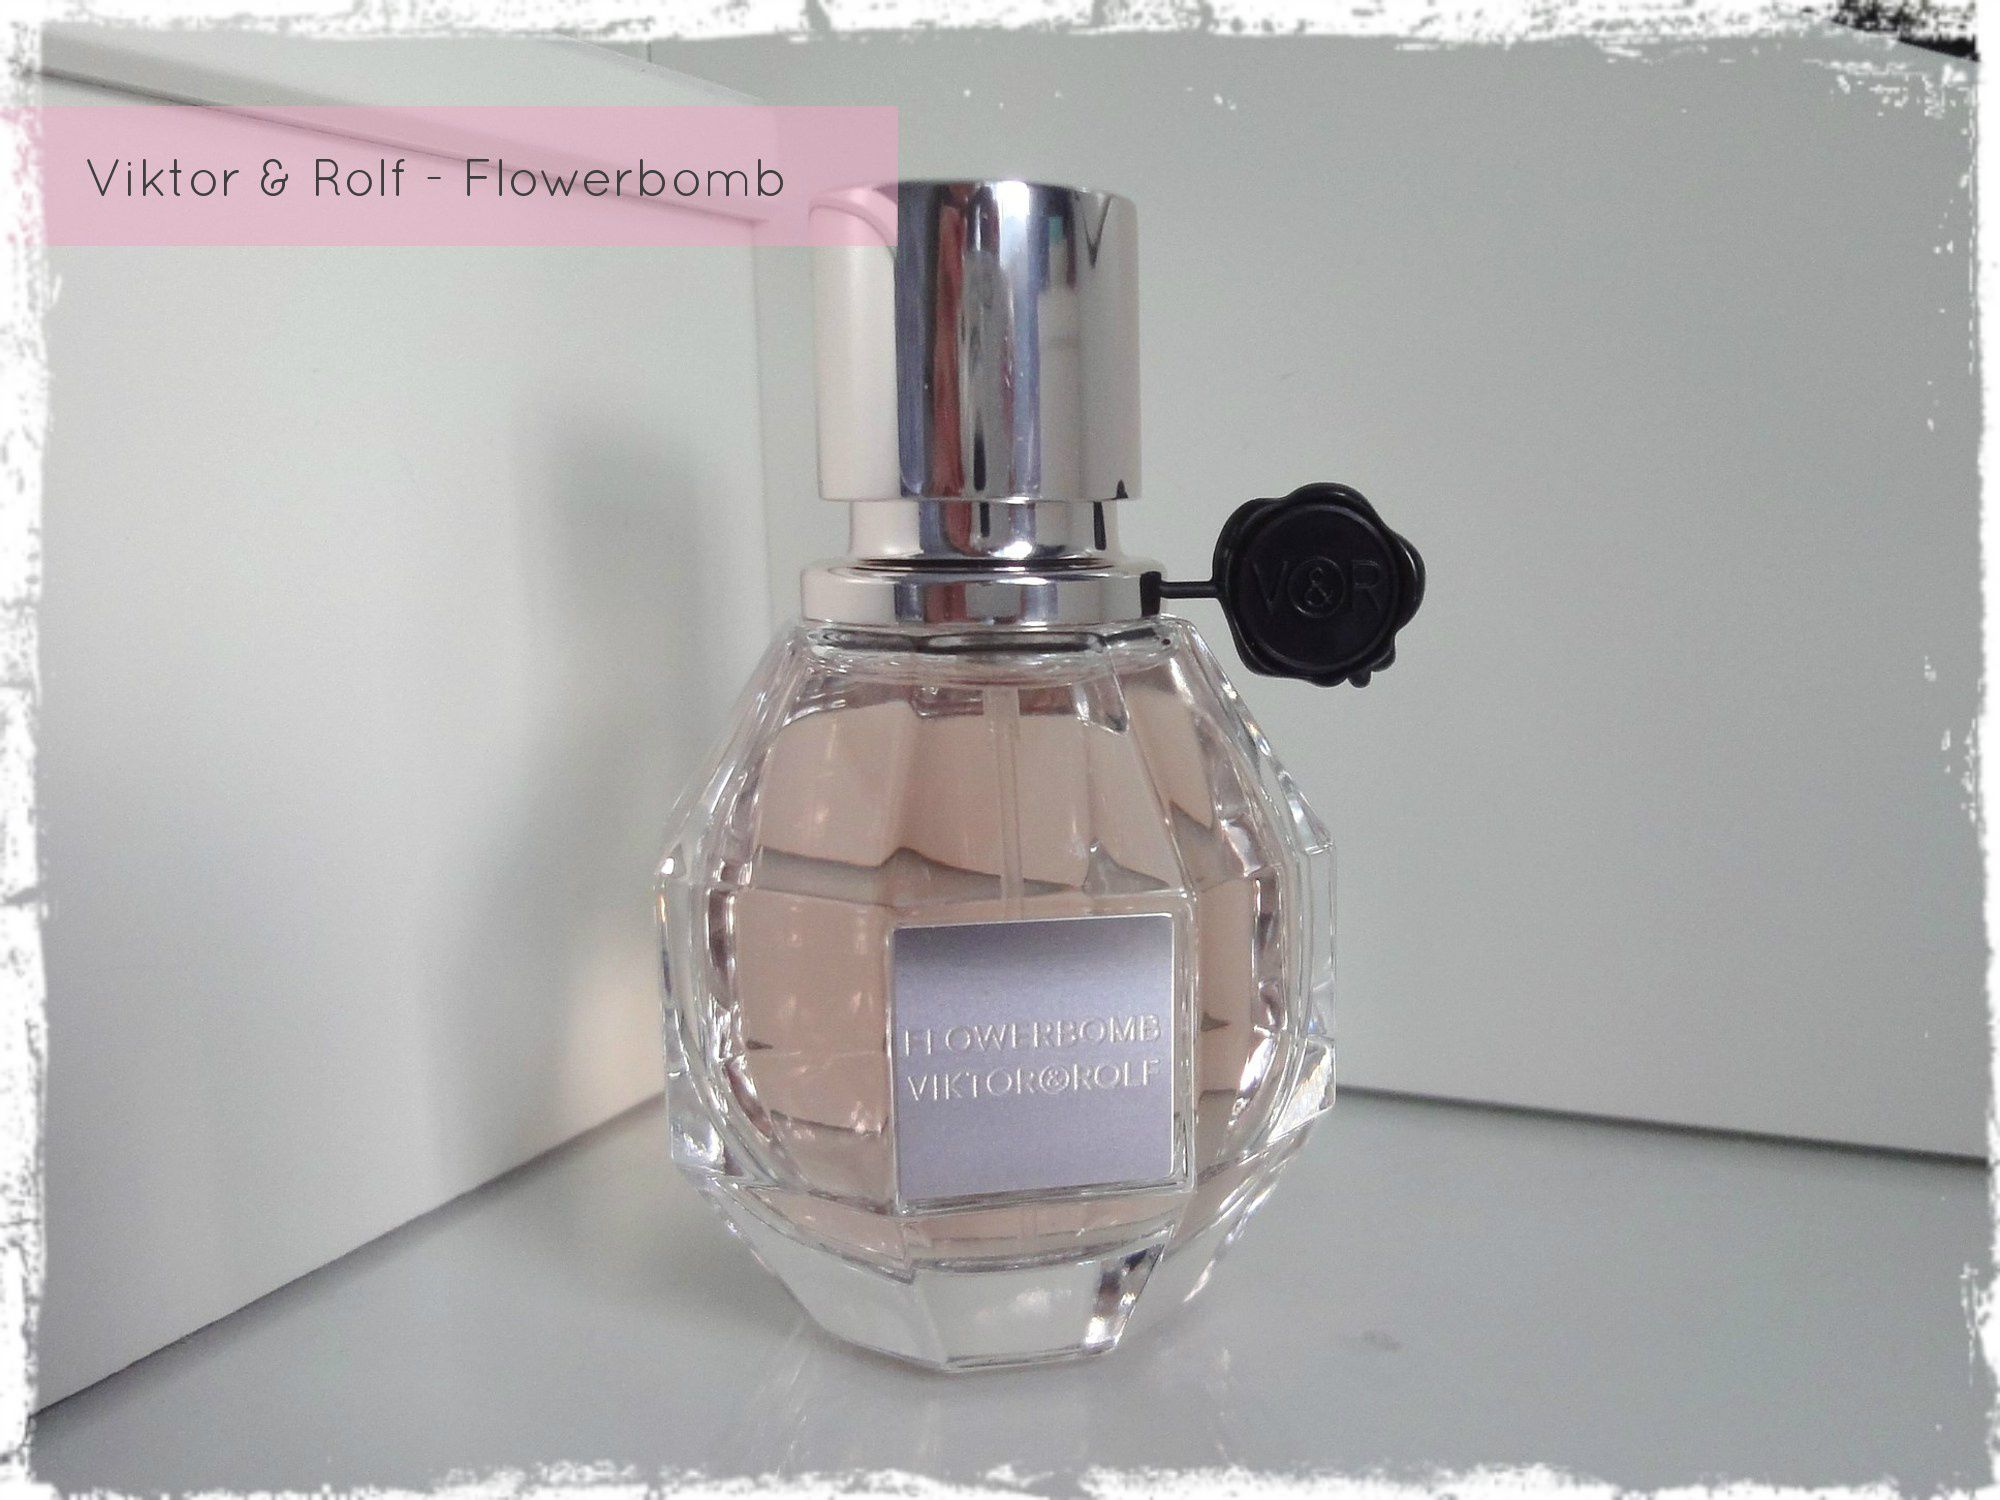 Viktor Rolf Flowerbomb Eau De Parfum Spray Beauty Makeup
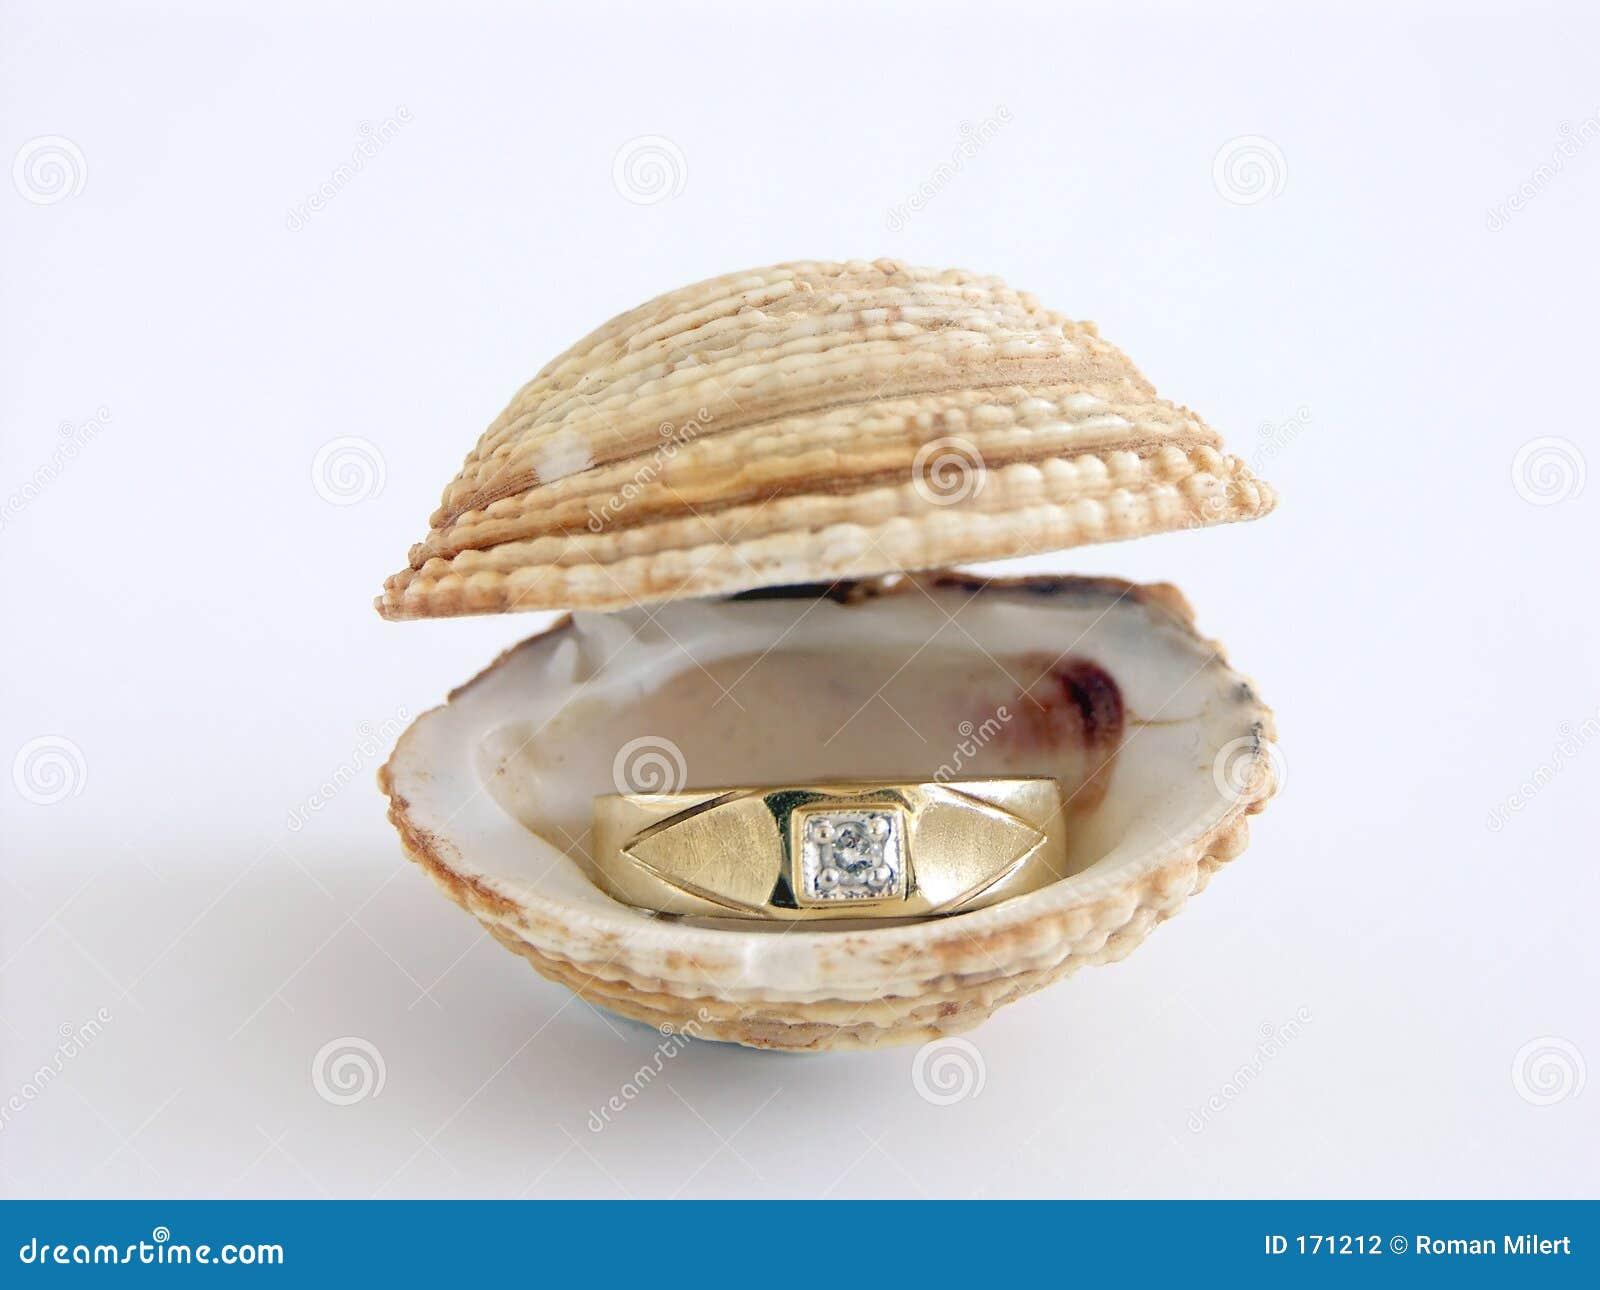 Ocean gift
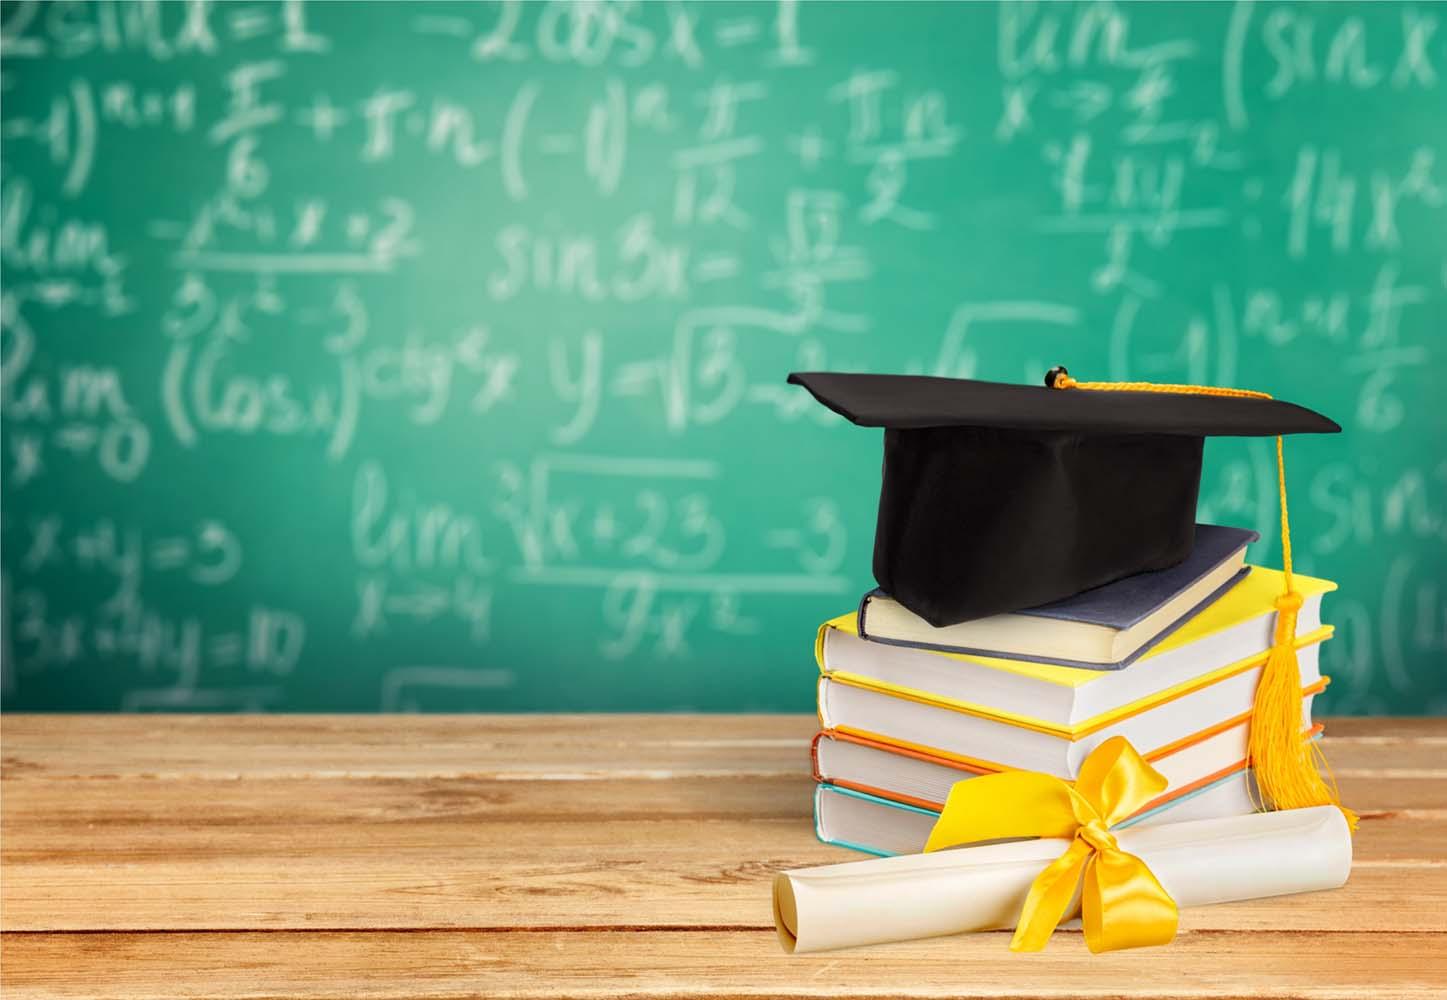 Seniors Graduate with Free College Education

» What needs to be done:
Make an exact printout of the listing above, omitting the images.

» Answer below:
 Viktor Rolf Flowerbomb Eau De Parfum Spray Beauty Makeup
 Ocean gift
 Seniors Graduate with Free College Education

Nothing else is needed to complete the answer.